_Task inputs_.
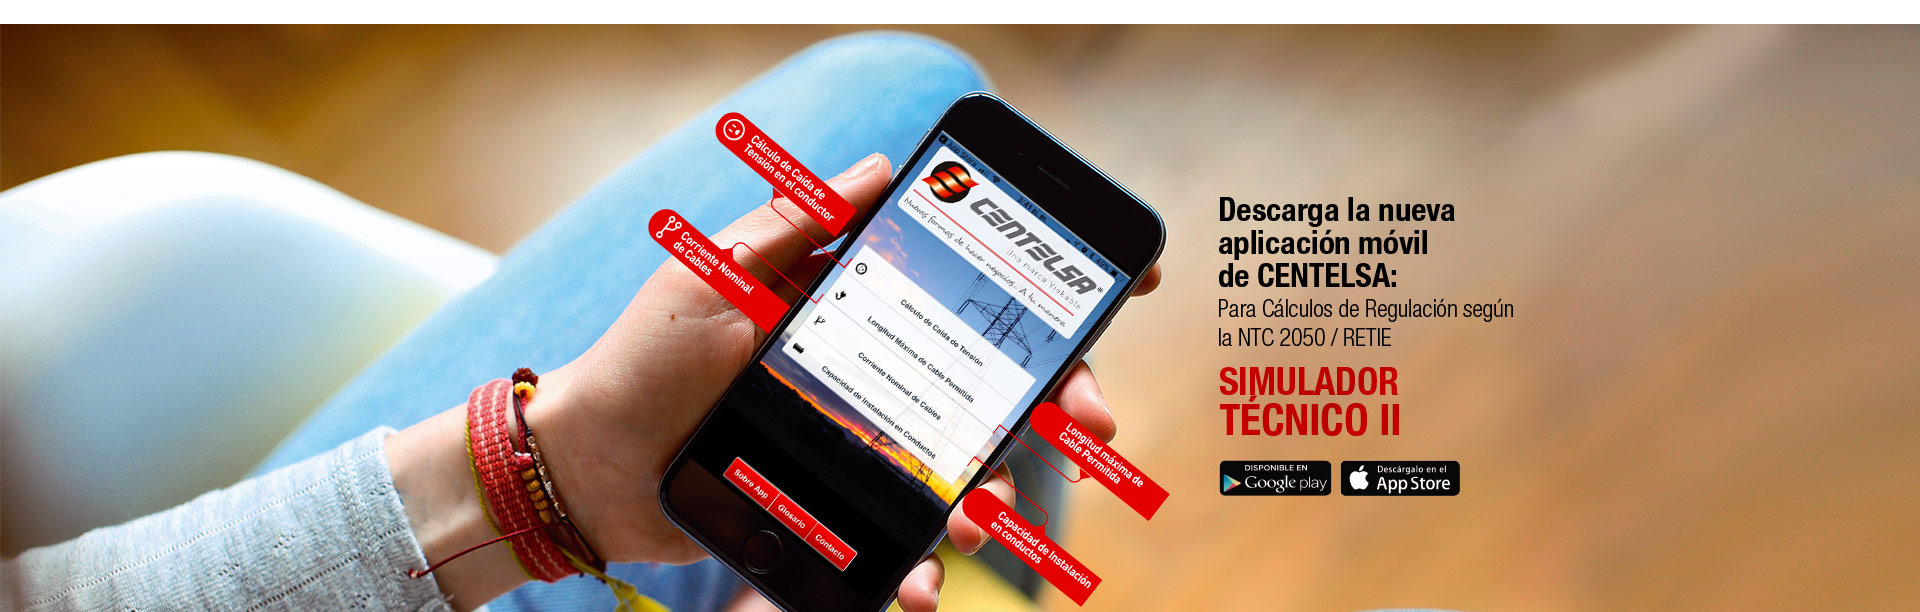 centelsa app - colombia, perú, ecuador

---

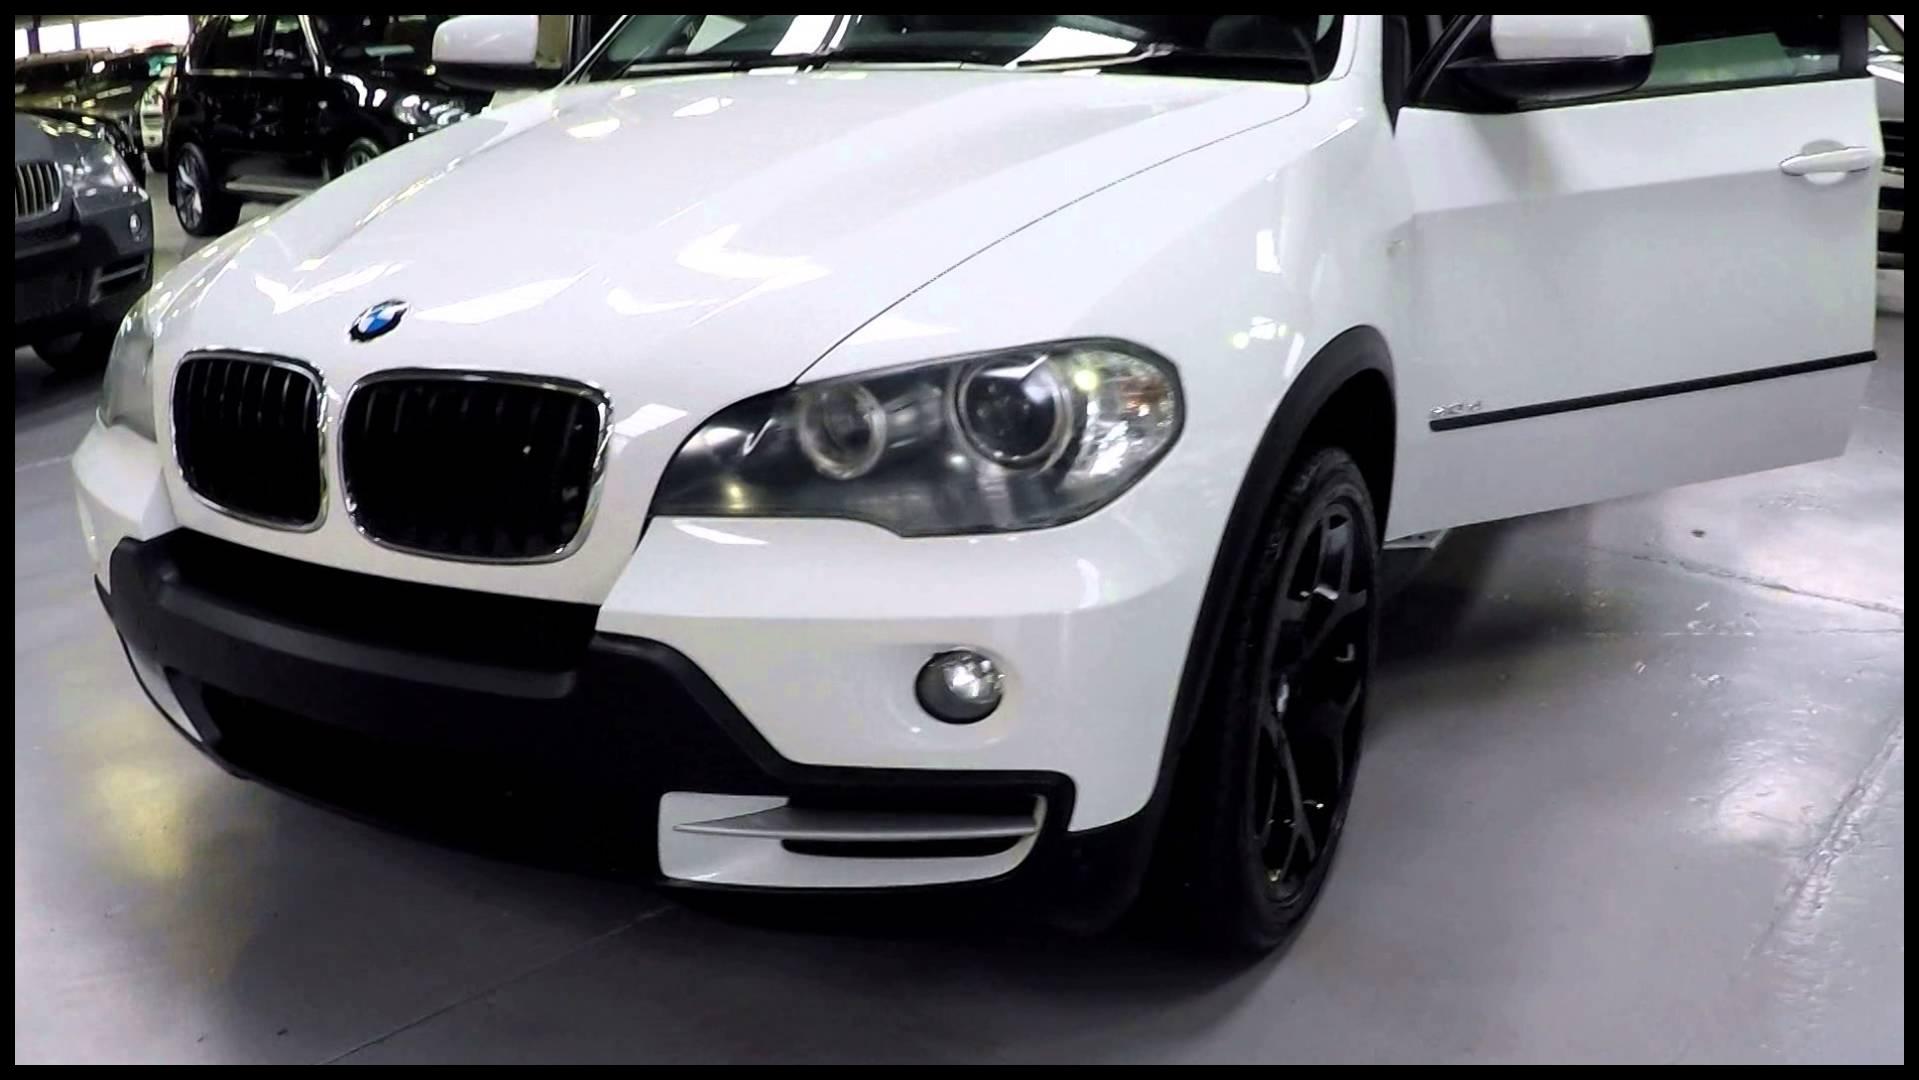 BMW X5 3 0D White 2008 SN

...

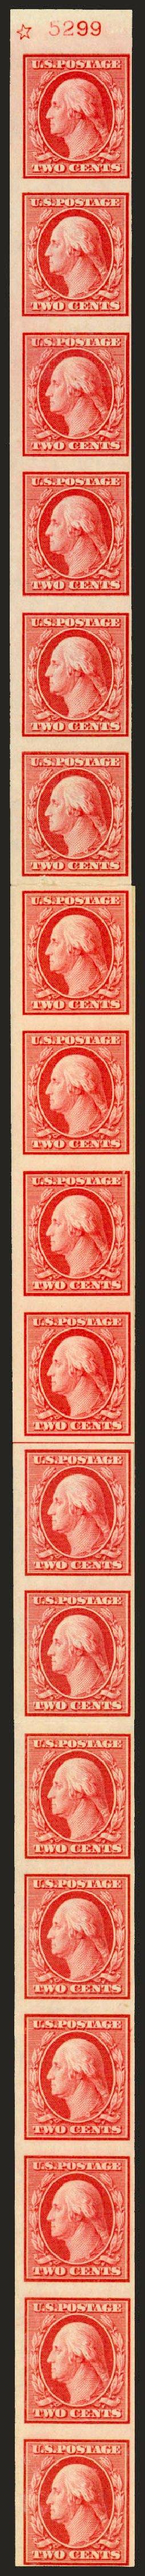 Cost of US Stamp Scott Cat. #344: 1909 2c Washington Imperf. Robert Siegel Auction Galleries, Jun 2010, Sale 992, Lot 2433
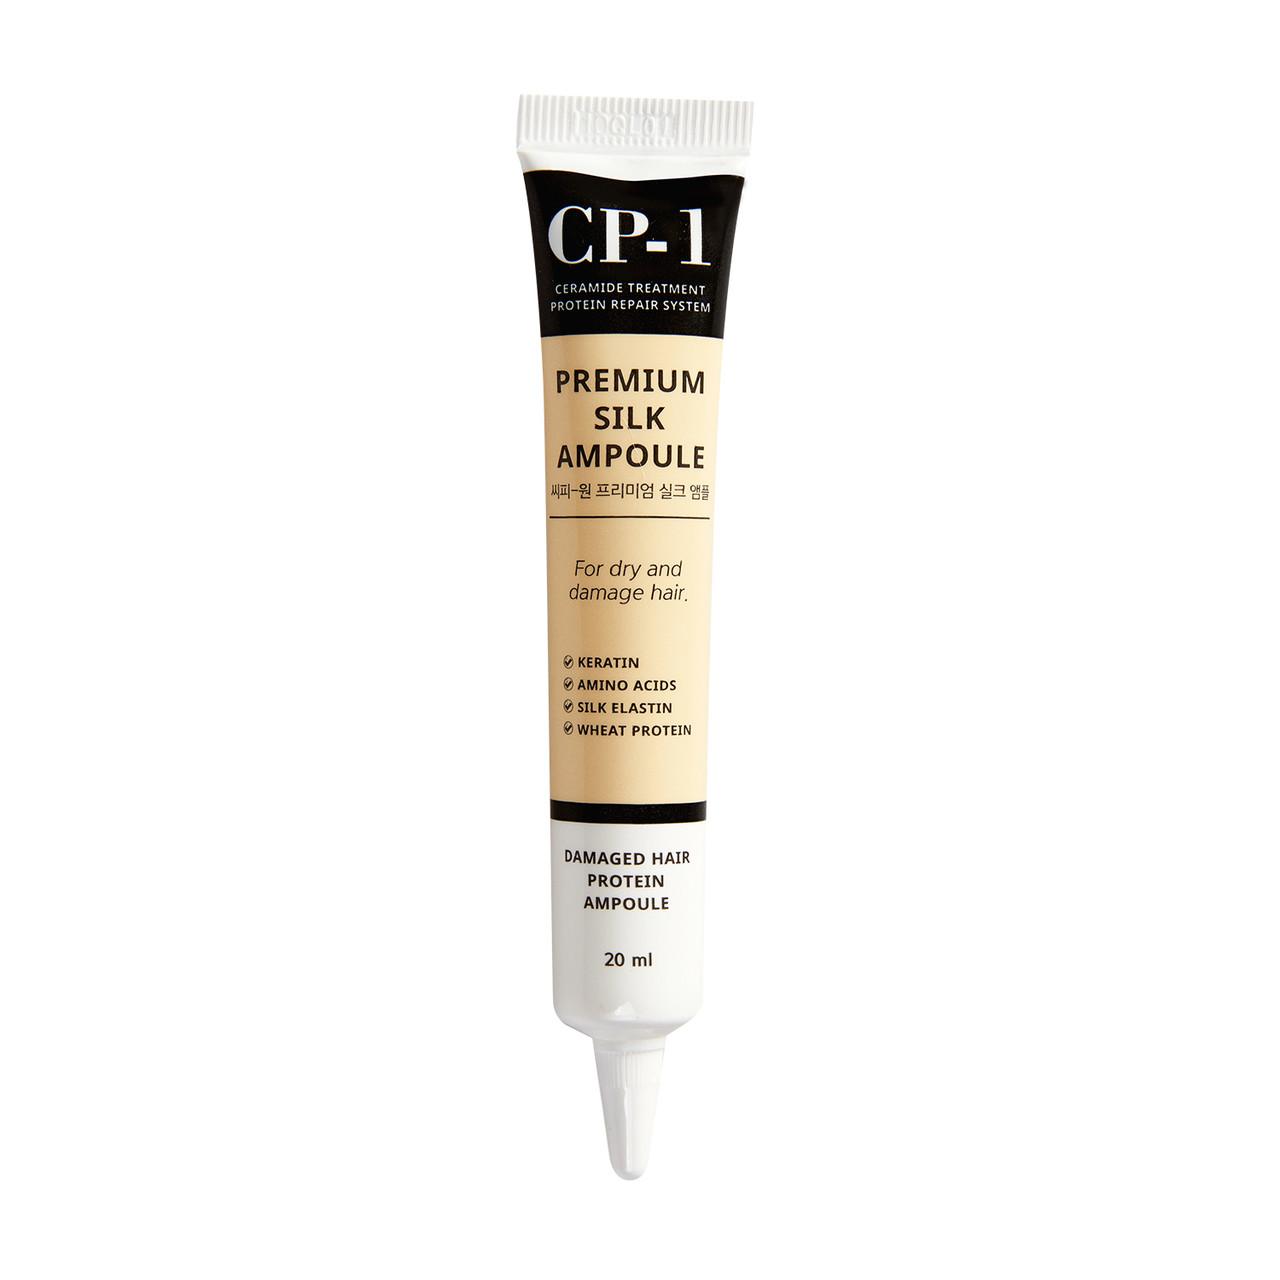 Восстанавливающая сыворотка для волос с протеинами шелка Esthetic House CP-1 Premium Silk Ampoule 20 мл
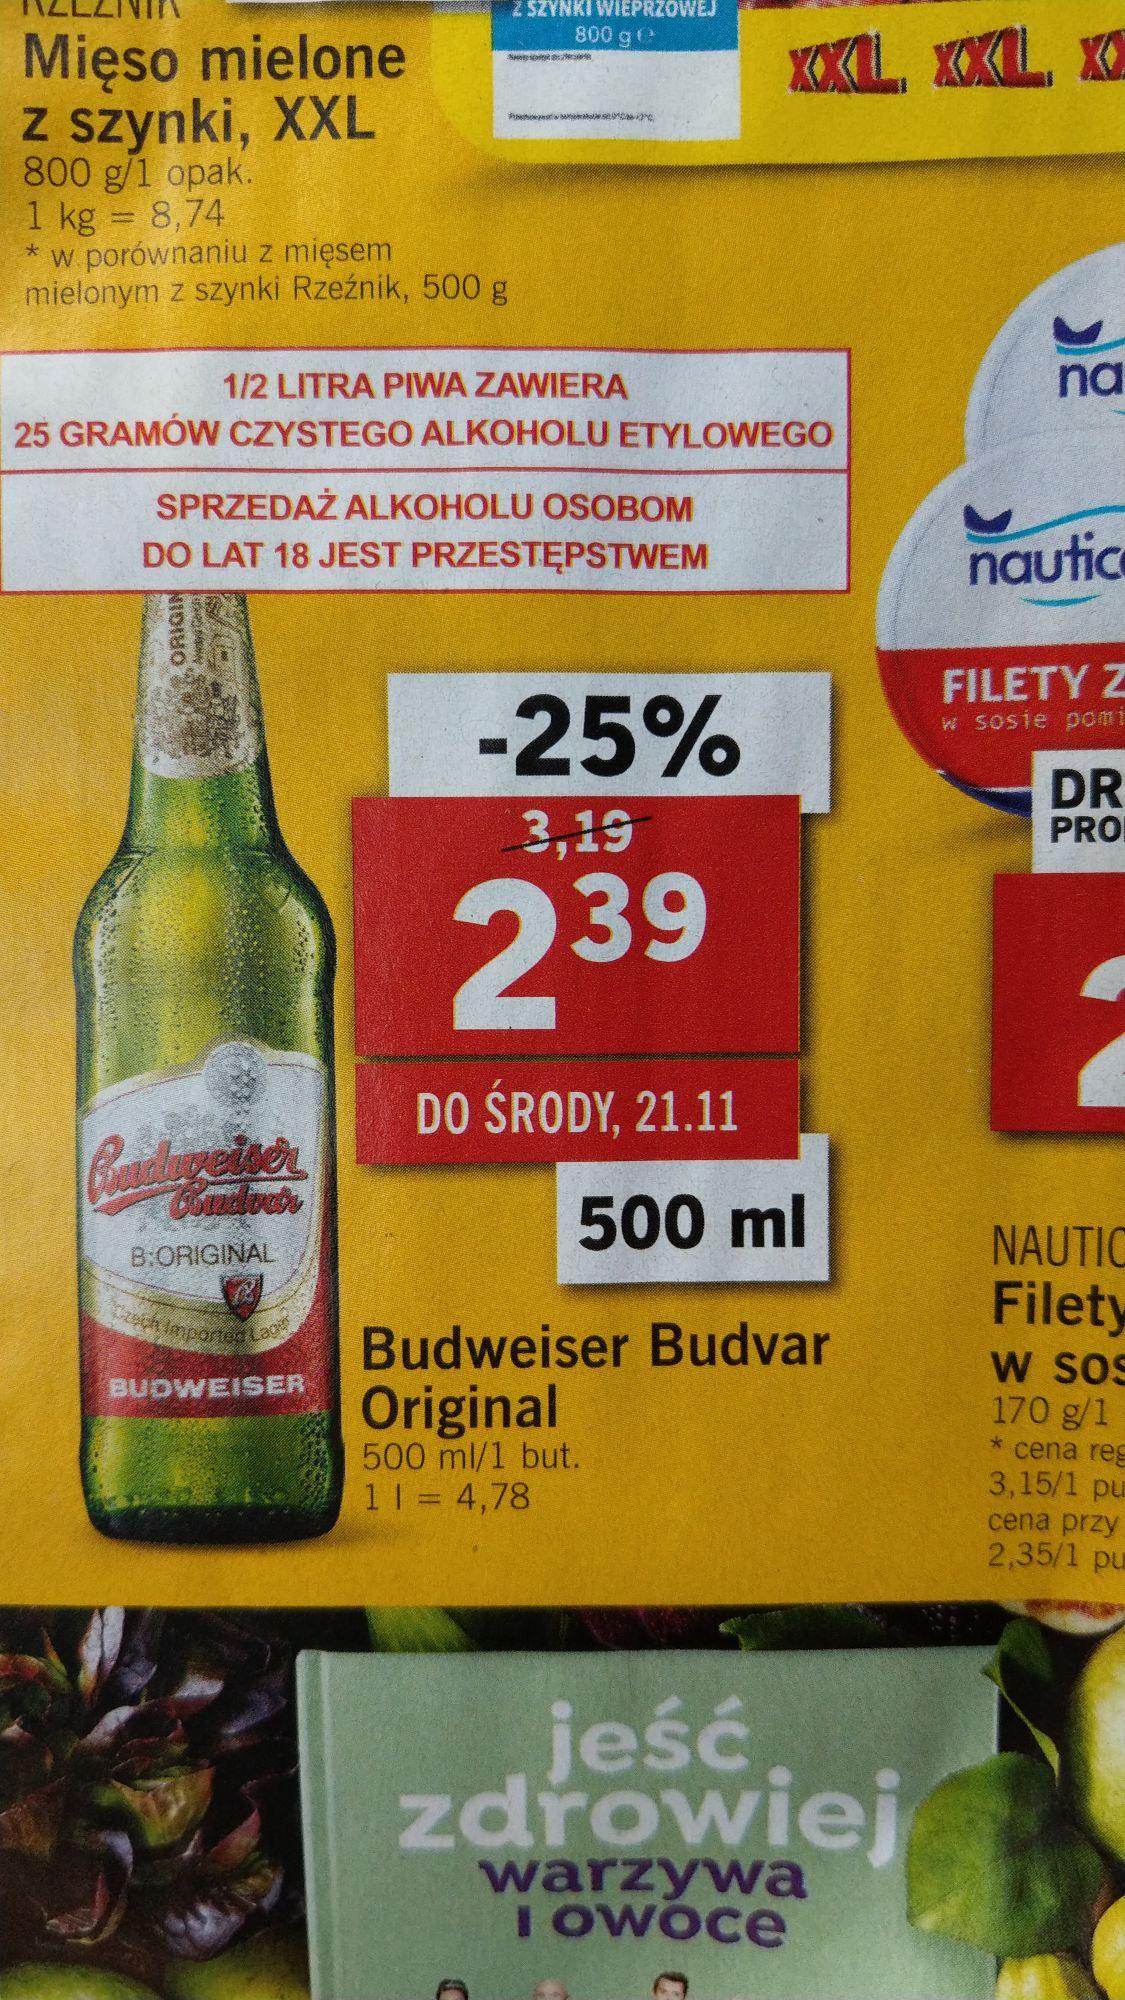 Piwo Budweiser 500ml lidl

_What to do_.
Copy word for word the span of the records above that begins at the line with "Cost of US Stamp" and ends at the line with "Piwo Budweiser 500ml lidl", including those two lines but not the pictures.

_Solved exercise_.
 Cost of US Stamp Scott Cat. #344: 1909 2c Washington Imperf. Robert Siegel Auction Galleries, Jun 2010, Sale 992, Lot 2433
 Восстанавливающая сыворотка для волос с протеинами шелка Esthetic House CP-1 Premium Silk Ampoule 20 мл
 Piwo Budweiser 500ml lidl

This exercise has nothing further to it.